Susan Herawati, Sekjen Kiara
Aplikasi Laut Nusantara Tidak Melindungi Nelayan dari Perampasan Ruang
- Beranda /
- Kabar /
- LINGKUNGAN /
- Kamis, 18 April 2019 - 14:04 WIB
Aplikasi ini berisi berbagai macam fitur, salah satunya peta laut, harga ikan di pelabuhan, titik potensi tangkapan serta memuat kecepatan angin dan ketinggian gelombang. KKP mengklaim nelayan yang telah menggunakan aplikasi berhasil meningkatkan hasil tangkapan ikan.
TOKOHKITA. Kementerian Kelautan dan Perikanan (KKP) meluncurkan aplikasi berbasis android bernama “Laut Nusantara” pada bulan Oktober 2018 lalu, namun hingga hari ini tidak semua nelayan tradisional Indonesia bisa menikmati aplikasi tersebut.
Aplikasi ini berisi berbagai macam fitur, salah satunya peta laut, harga ikan di pelabuhan, titik potensi tangkapan serta memuat kecepatan angin dan ketinggian gelombang. KKP mengklaim nelayan yang telah menggunakan aplikasi berhasil meningkatkan hasil tangkapan ikan tanpa mempertimbangkan masalah perampasan ruang yang dihadapi oleh nelayan tradisional Indonesia.
Susan Herawati, Sekretaris Jenderal Kiara menuturkan, aplikasi Laut Nusantara masih memiliki banyak kendala. Pertama, bagaimana dengan nelayan yang tidak memiliki android dan masih menggunakan telepon genggam biasa. Kedua, KKP harus mempertimbangkan wilayah yang masih belum memiliki signal. Aplikasi Laut Nusantara belum bisa mewakili kebutuhan paling riil dari nelayan tradisional Indonesia.
"Di Sangiang, Banten, nelayan hingga hari ini belum menikmati listrik dan tidak memiliki signal di daerahnya. Hal inipun serupa dengan nelayan di Pulau Binongko yang tidak memiliki akses listrik, sehingga penggunaan aplikasi Laut Nusantara menjadi hal yang sulit digunakan oleh nelayan, katanya di Jakarta, Kamis (18/4/2019).
Kiara memandang, tanpa aplikasi ini sejak lama nelayan nusantara telah mengenal laut.

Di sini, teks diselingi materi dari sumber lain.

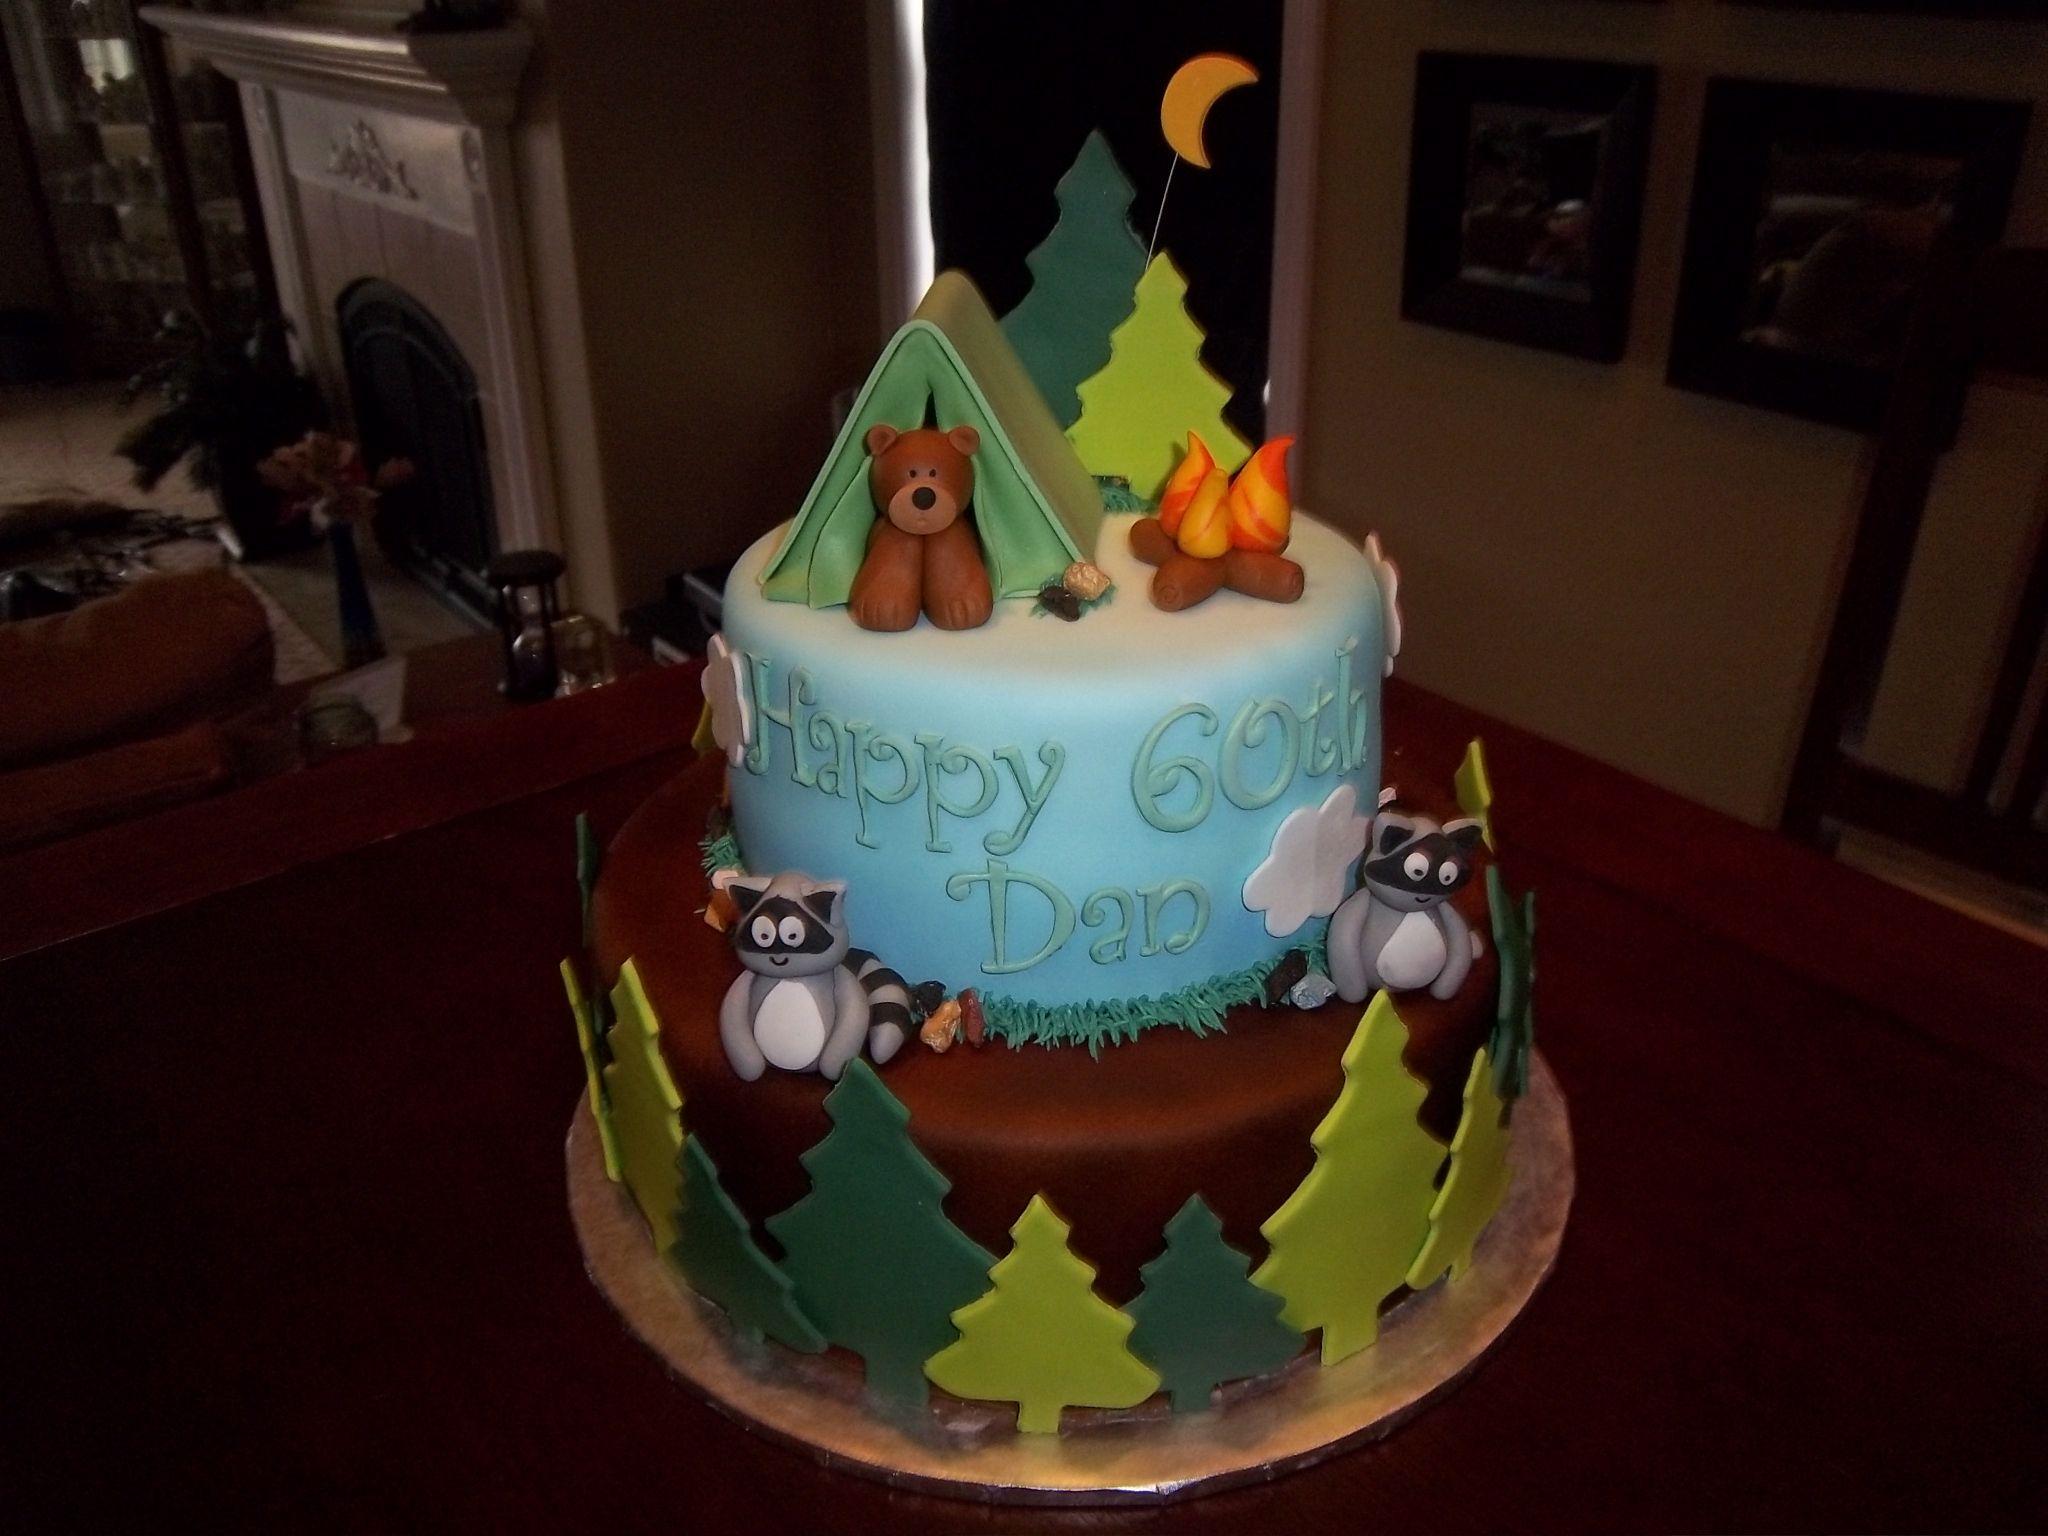 Fantastic Camping Theme 60Th Birthday Cake With Images Camping Birthday Funny Birthday Cards Online Bapapcheapnameinfo

Mereka memiliki pengetahuan tentang cuaca, gelombang, potensi ikan dan pengetahuan lainnya. Namun pengetahuan itu belum diakui negara, sehingga nelayan kerap menghadapi tekanan investasi seperti reklamasi, pertambangan di pesisir, industri pariwisata.
Menurut Susan, jika kedaulatan nelayan atas ruang belum diakui, serta fasilitas masyarakat pesisir belum memadai, aplikasi ini dikhawatirkan hanya menguntungkan pebisnis besar di sektor perikanan. Padahal mayoritas nelayan Indonesia adalah nelayan tradisional. Perahu serta peralatan mereka daya jelajahnya sangat terbatas.
“Jika aplikasi ini digunakan oleh pebisnis besar, dengan kecepatan dan daya jangkau yang mereka miliki, bisa merugikan nelayan kecil yang memiliki akses dan daya jangkau terbatas” ujar Susan.
Dalam pada itu, disisa masa jabat Susi Pudjiastuti, sebagai Menteri Kelautan dan Perikanan seharusnya KKP lebih fokus menyelesaikan masalah perampasan ruang ketimbang sekedar membuat aplikasi. "Nelayan butuh laut, akses dan kontrol bukan aplikasi yang tidak bisa digunakan di banyak wilayah pesisir Indonesia," tukas Susan.